The truth is that there needs to be a commitment by policymakers to an all-of-the-above workforce development strategy where workers and employers have freedom to choose the best way to provide value and rebuild America.

ABC, its 69 chapters and its 21,000+ members are doing their part to educate craft and management professionals using innovative and flexible learning models like just-in-time task training, competency-based progression, work-based learning and government registered apprenticeships to build a safe, skilled and productive workforce.

The reality is workforce development as a whole suffers when union-only and/or government-registered apprenticeship requirements are included in contract solicitations for taxpayer-funded public works construction projects.

Survey Shows Widespread Opposition to Government-Mandated Project Labor Agreements.

In addition, 98% of survey respondents said they were less likely to bid on a taxpayer-funded construction contract if the bid specifications required the winning firm to sign a PLA with labor unions, and 97% of survey respondents said a construction contract that required a PLA would be more expensive compared to a contract procured via free and open competition.

A clear majority of the more than 500 survey respondents affirmed that government-mandated PLAs are  anti-competitive and discourage quality contractors and the 87.2 percent of U.S. construction workers who choose to not join a union from bidding and working on projects in their own communities, paid for by their own tax dollars.
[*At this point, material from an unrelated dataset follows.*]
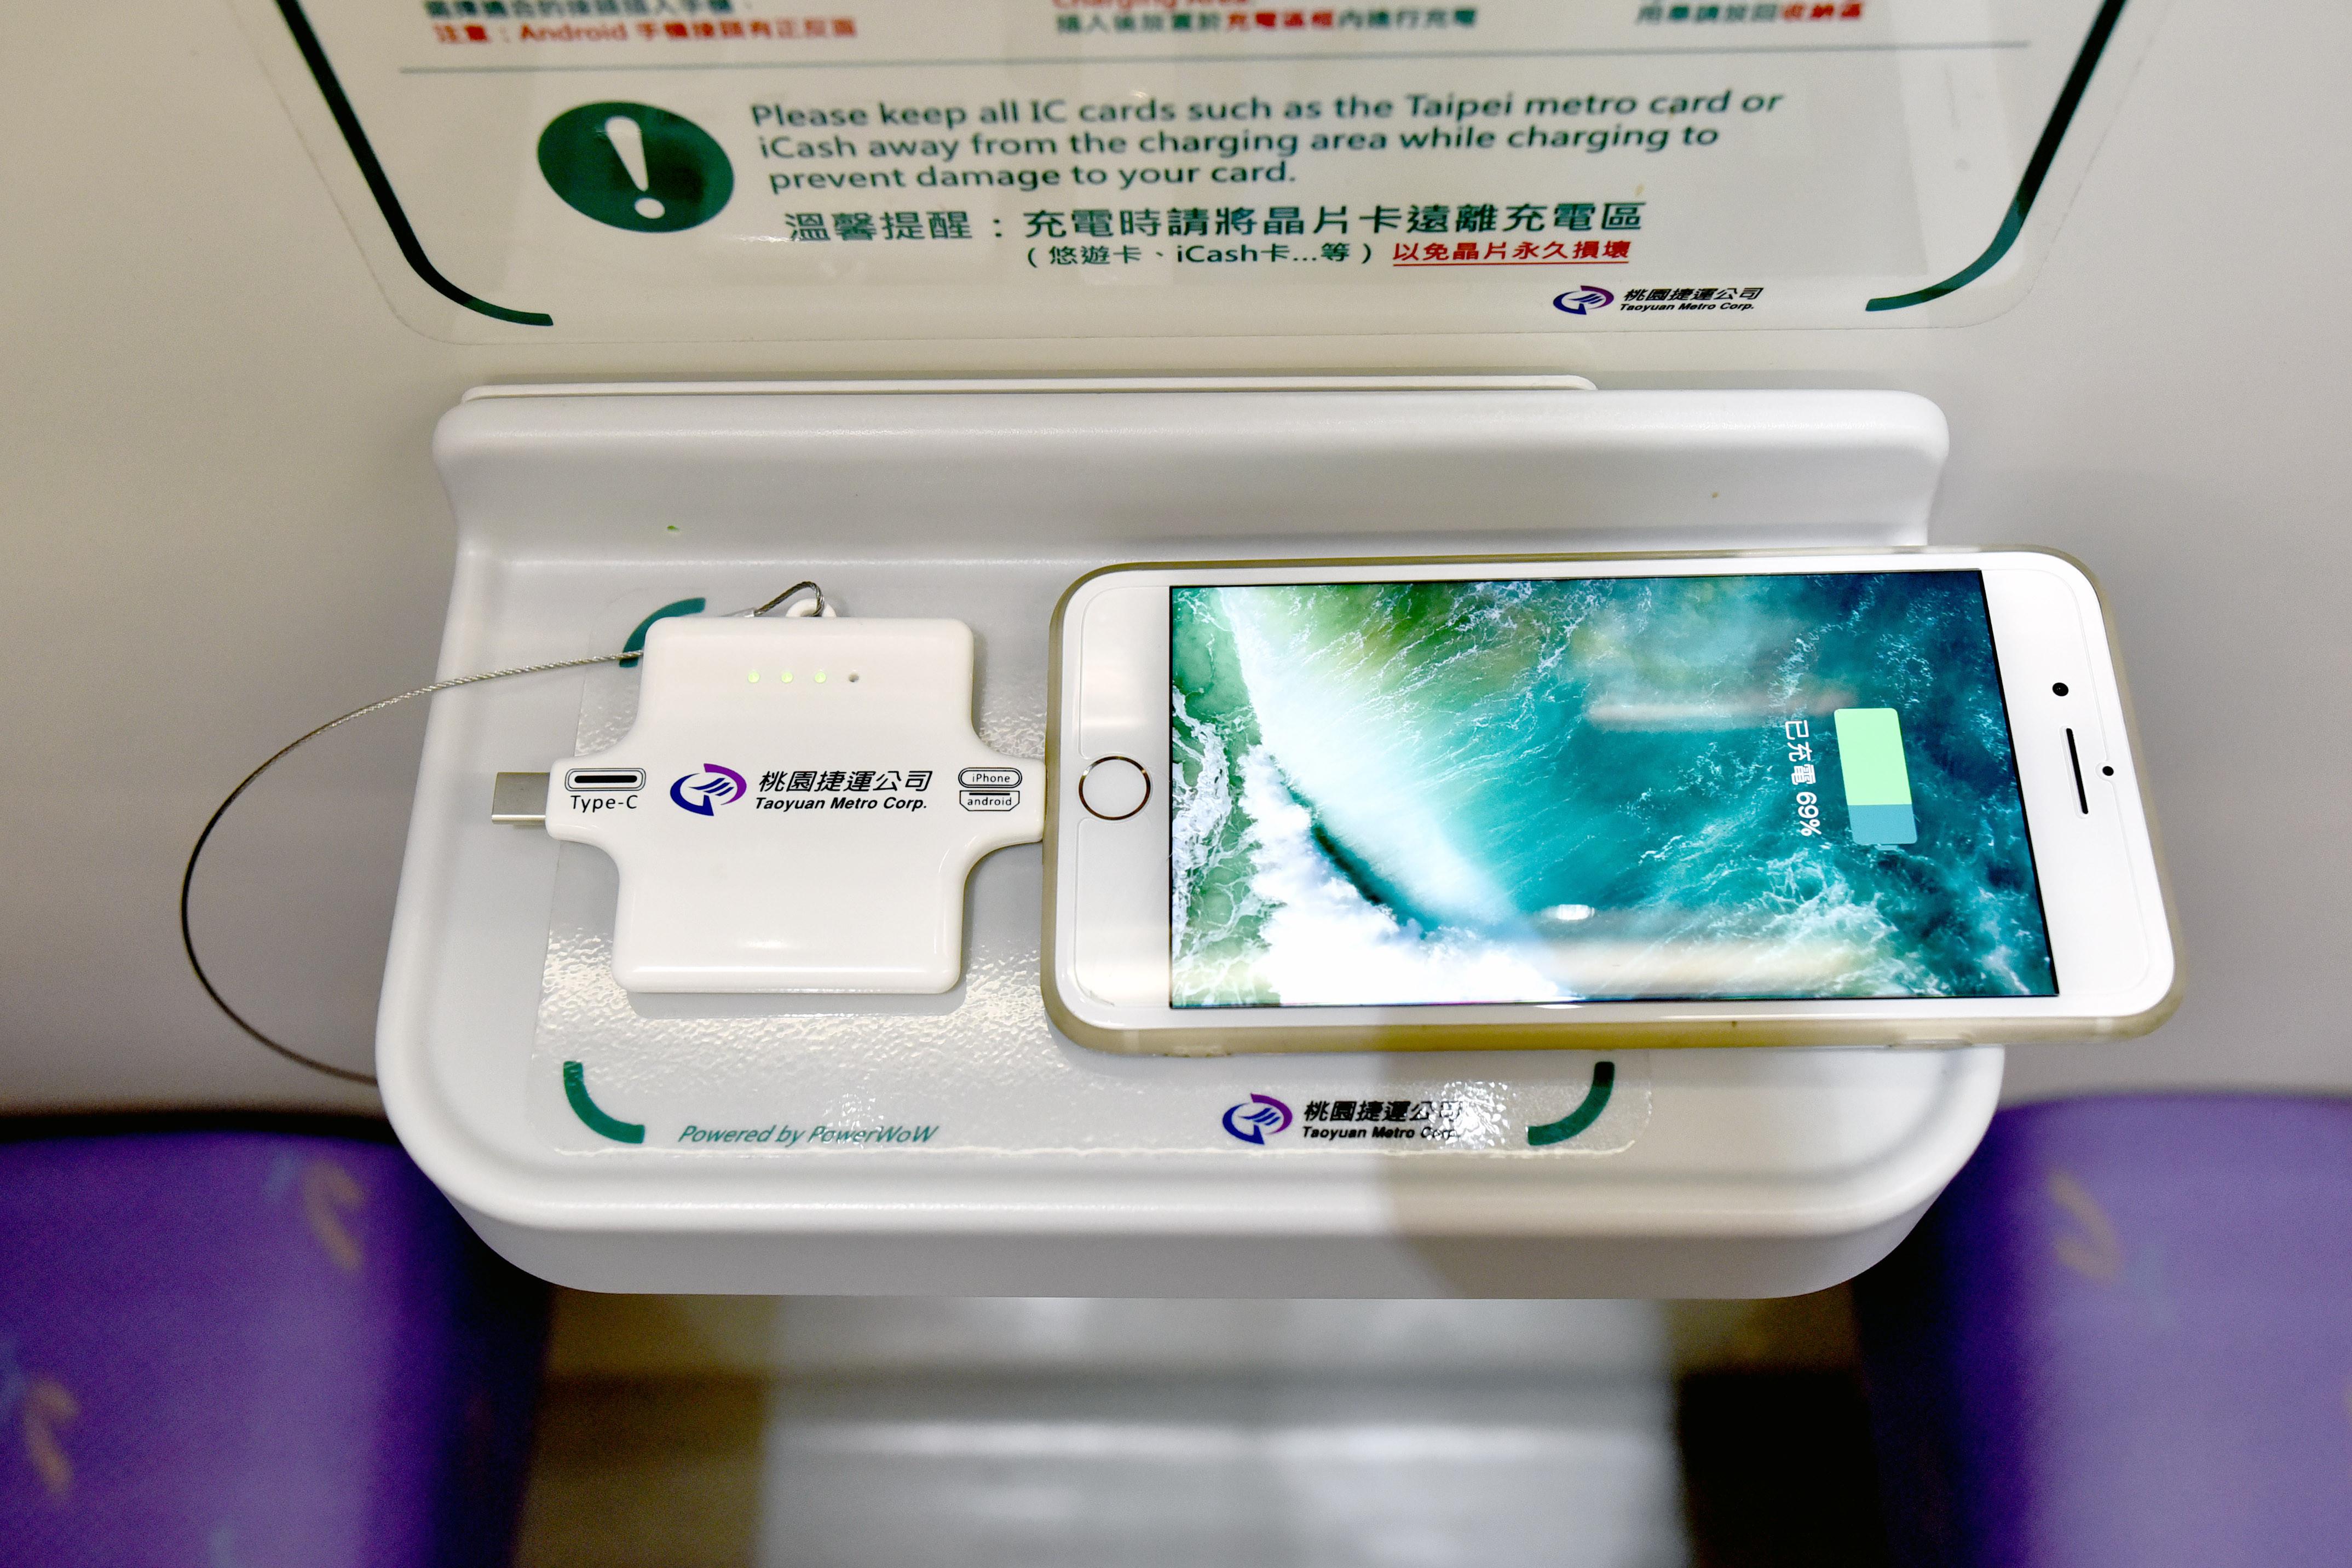 ▲不怕手機沒電!機捷直達車有無線充電,任何型號手機都適用。(圖/桃捷提供)

In fact, 97% of survey respondents said a PLA would result in worse local hiring outcomes for a project. In addition, almost 90% of respondents agreed that a PLA would decrease the hiring of women, veteran and disadvantaged business enterprises and construction workers, which have traditionally been unaffiliated with labor unions.
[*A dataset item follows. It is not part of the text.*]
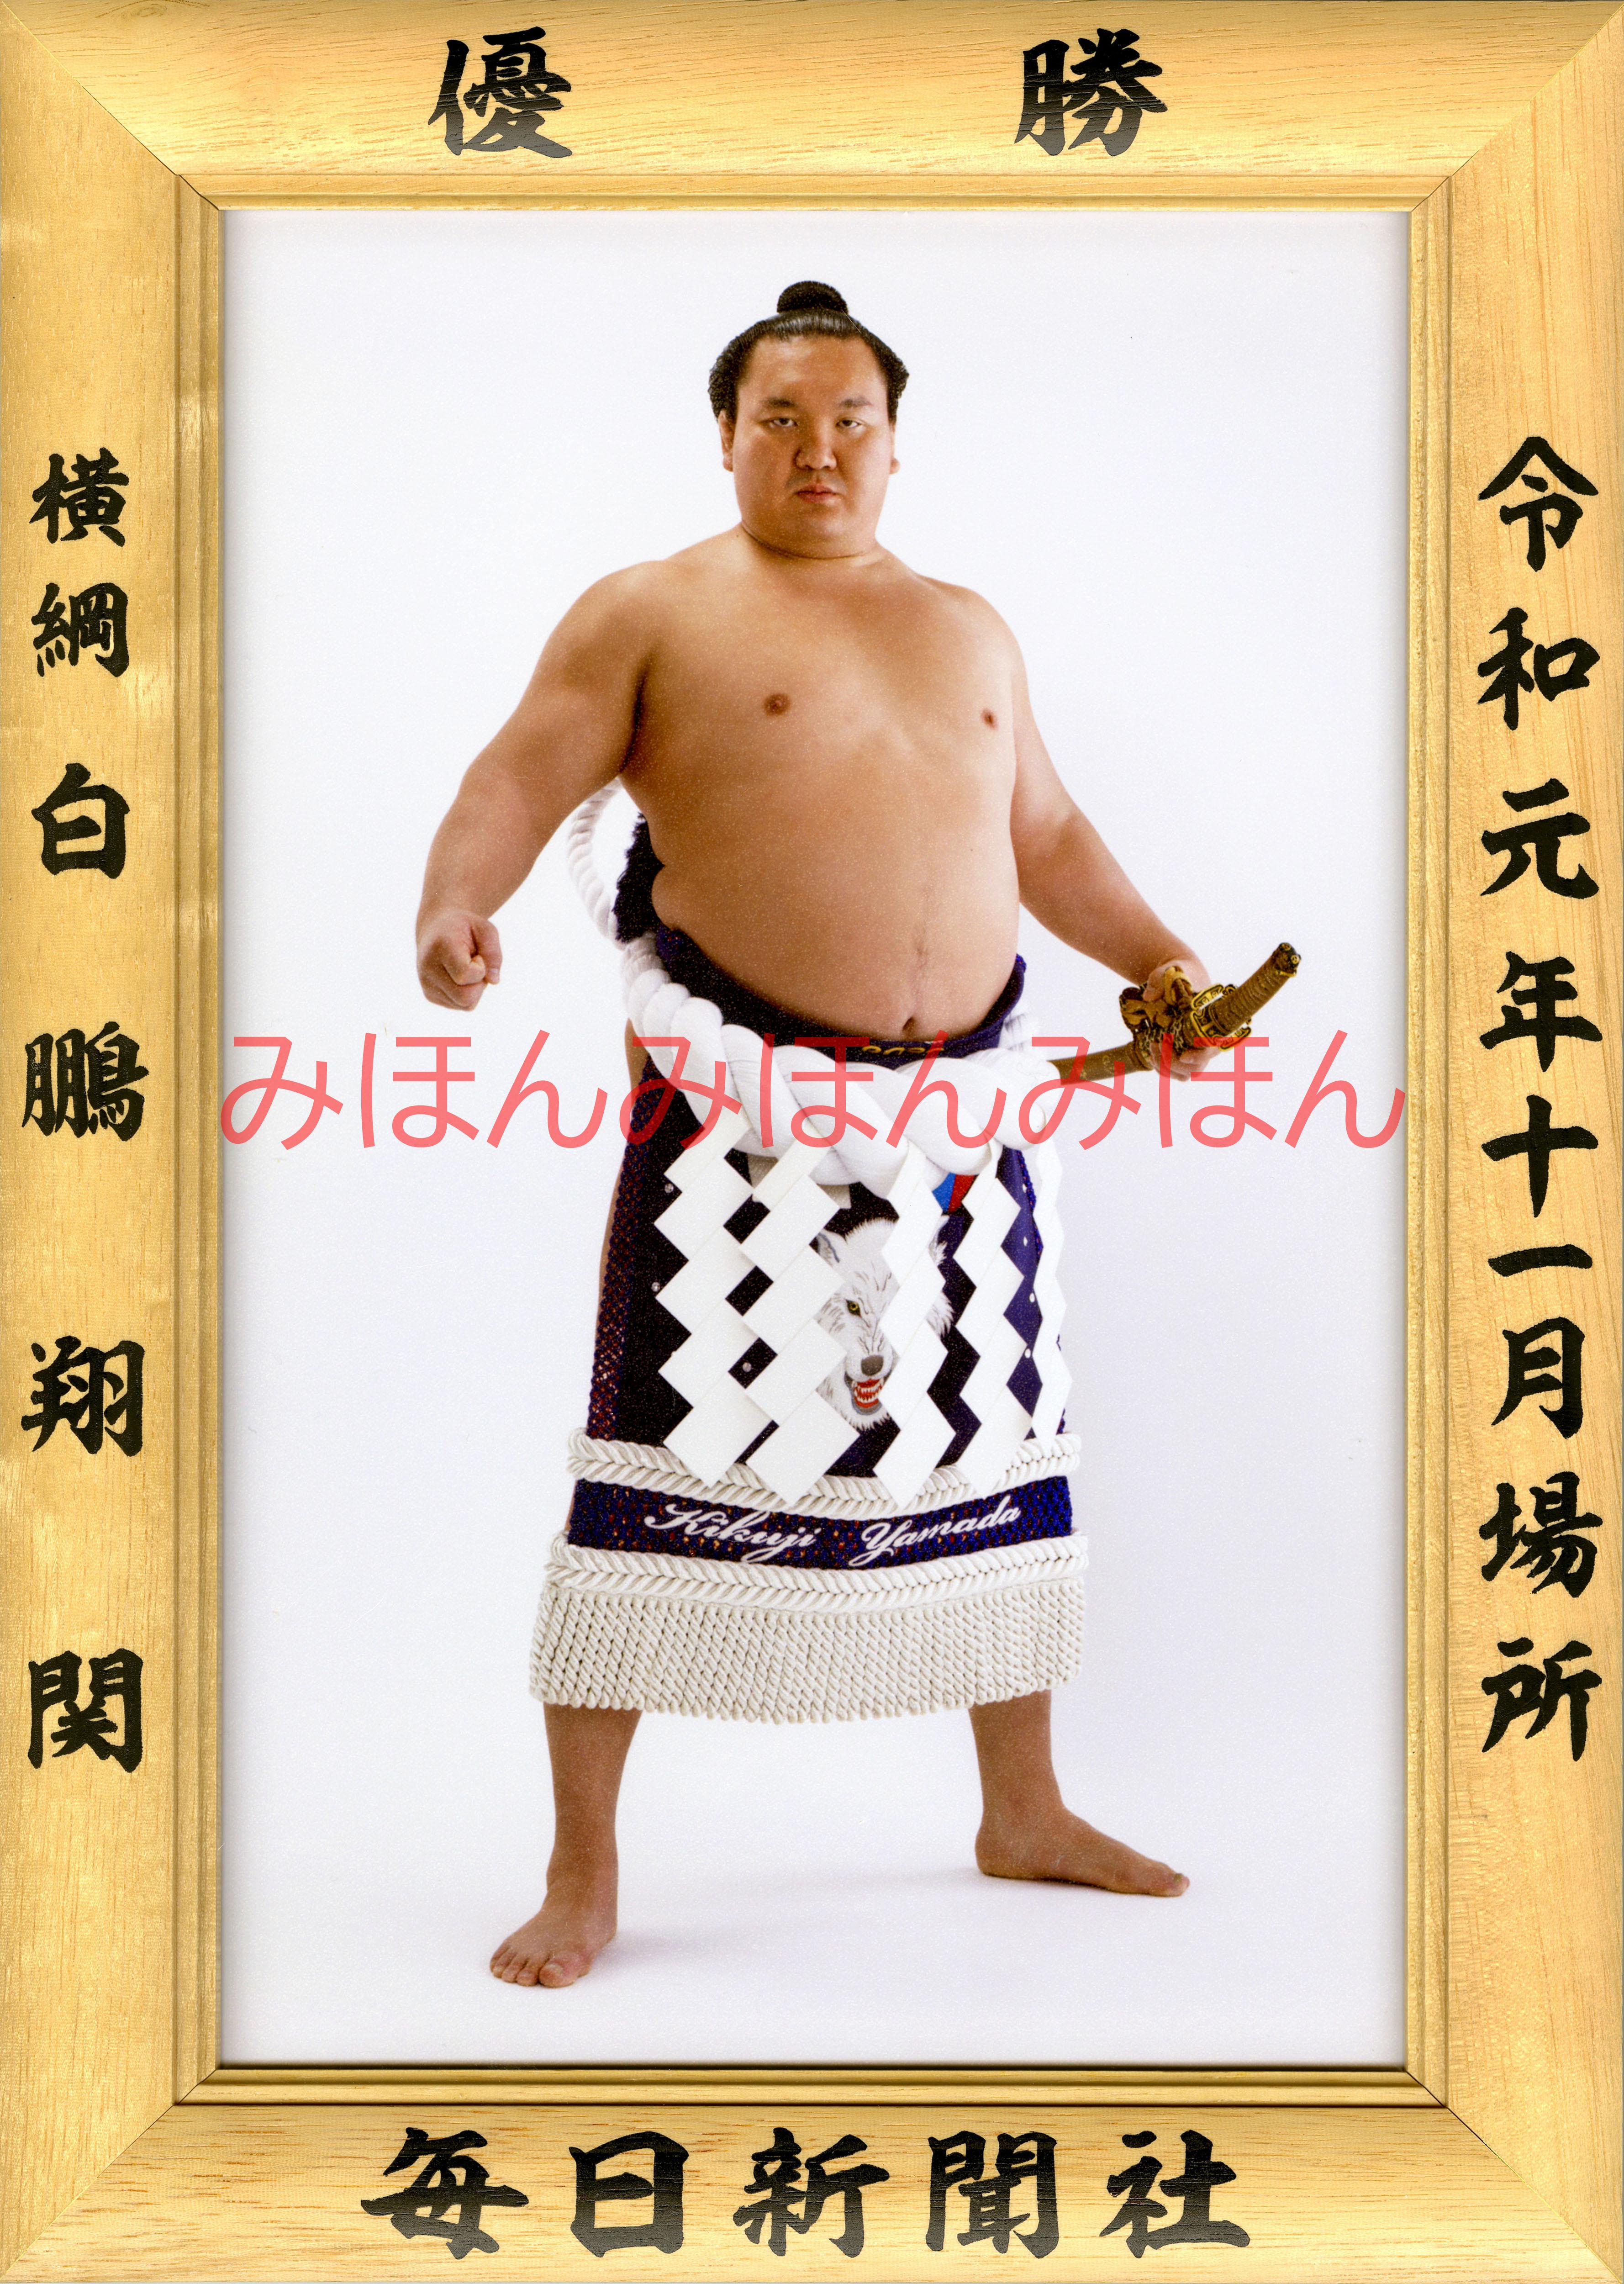 令和元年11月場所優勝 横綱 白鵬翔関(43回目の優勝)

Currently, 24 states have adopted legislation or executive orders to ensure fair and open competition on state and local taxpayer-funded construction projects by restricting government-mandated PLAs and PLA preferences.
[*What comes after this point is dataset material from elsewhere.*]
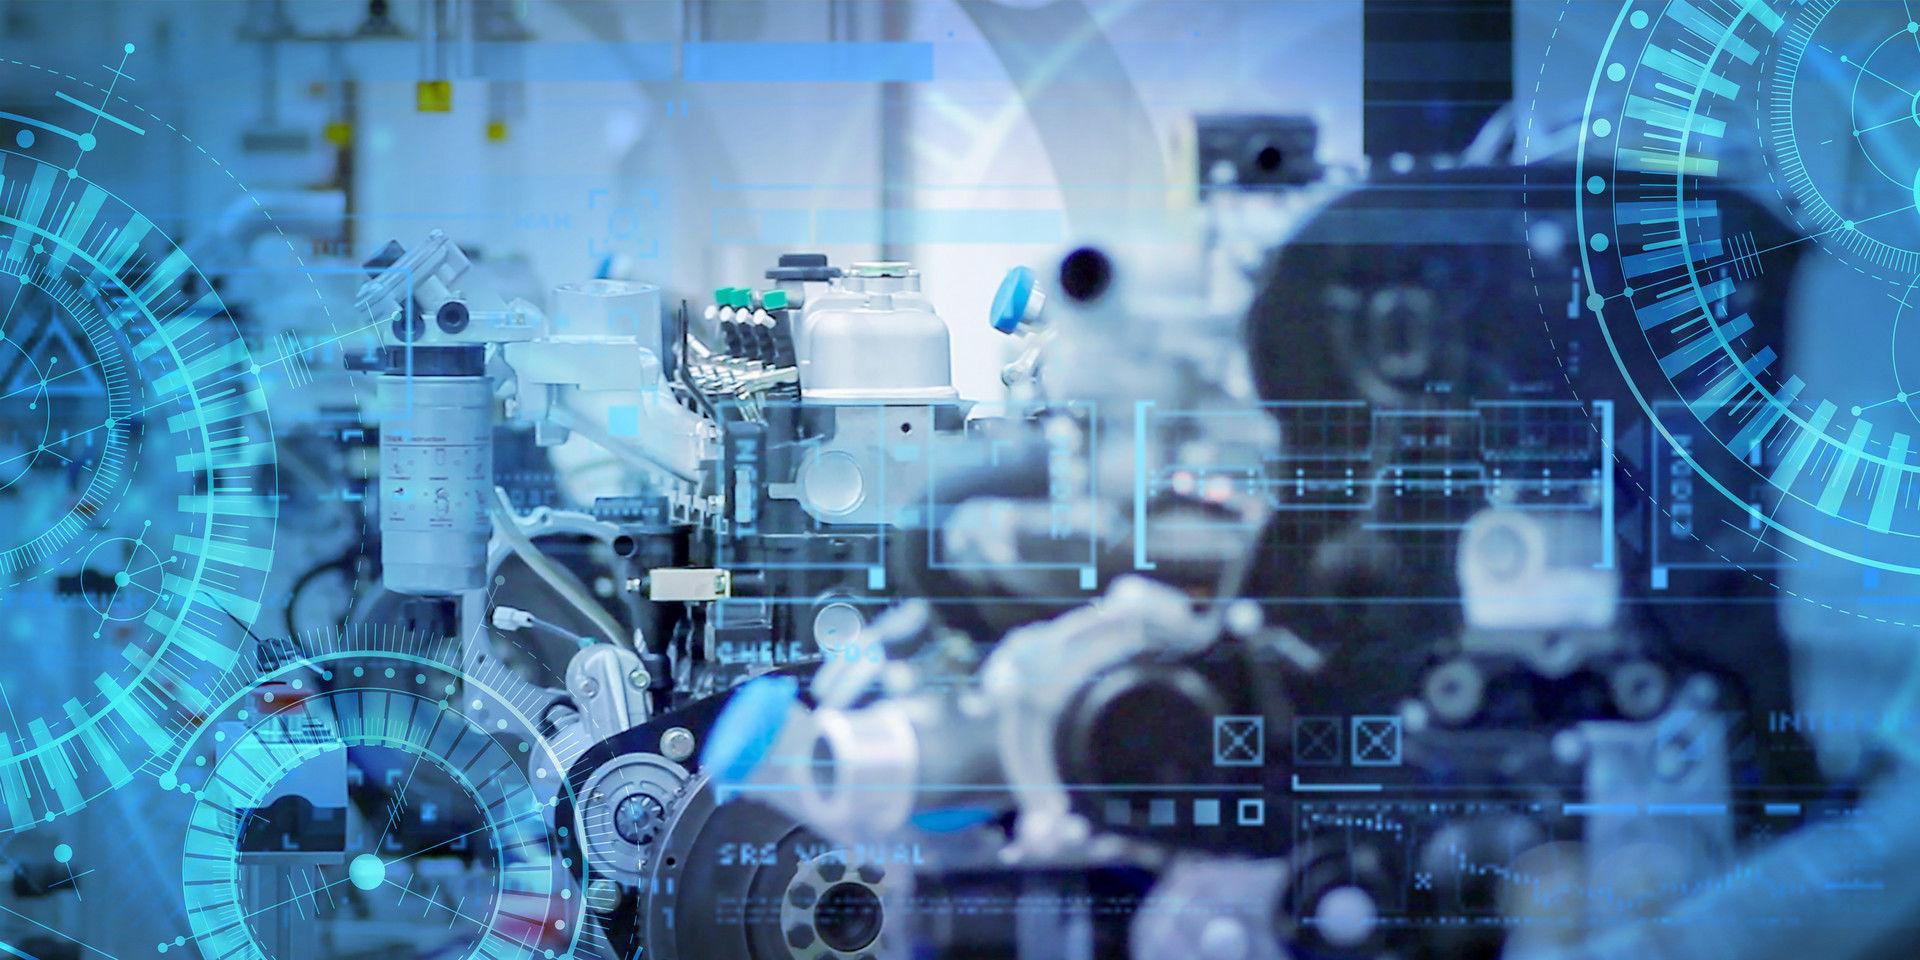 国内资讯_青岛发起高端制造业+人工智能攻势 由制造迈向智造_青岛频道 ...

In February 2009, President Obama signed Executive Order 13502, which encourages federal agencies to mandate PLAs on large-scale federal construction projects exceeding $25 million in total value on a case-by-case basis, and permits states and localities to mandate PLAs on federally assisted projects. ABC has continually advocated to rescind the Obama-era policy and supports measures ensuring fair and open competition on federal and federally assisted construction projects that help taxpayers get the best possible product at the best possible price.

“It would be a real win-win for taxpayers and the U.S. economy if Congress and the Trump administration would create an inclusive policy so all Americans and all qualified companies can fairly compete to rebuild America’s infrastructure,” said ABC Vice President of Regulatory, Labor and State Affairs Ben Brubeck. “This common-sense reform would create a level playing field in the procurement of government construction contracts, increase competition, curb construction costs, help small businesses grow and improve America’s infrastructure.”

Note: Portions of this article have been republished from the January 30, 2019, edition of ABC Newsline. ABC has conducted similar membership surveys and most recently published results on member opinions towards government-mandated project labor agreements in October 2013.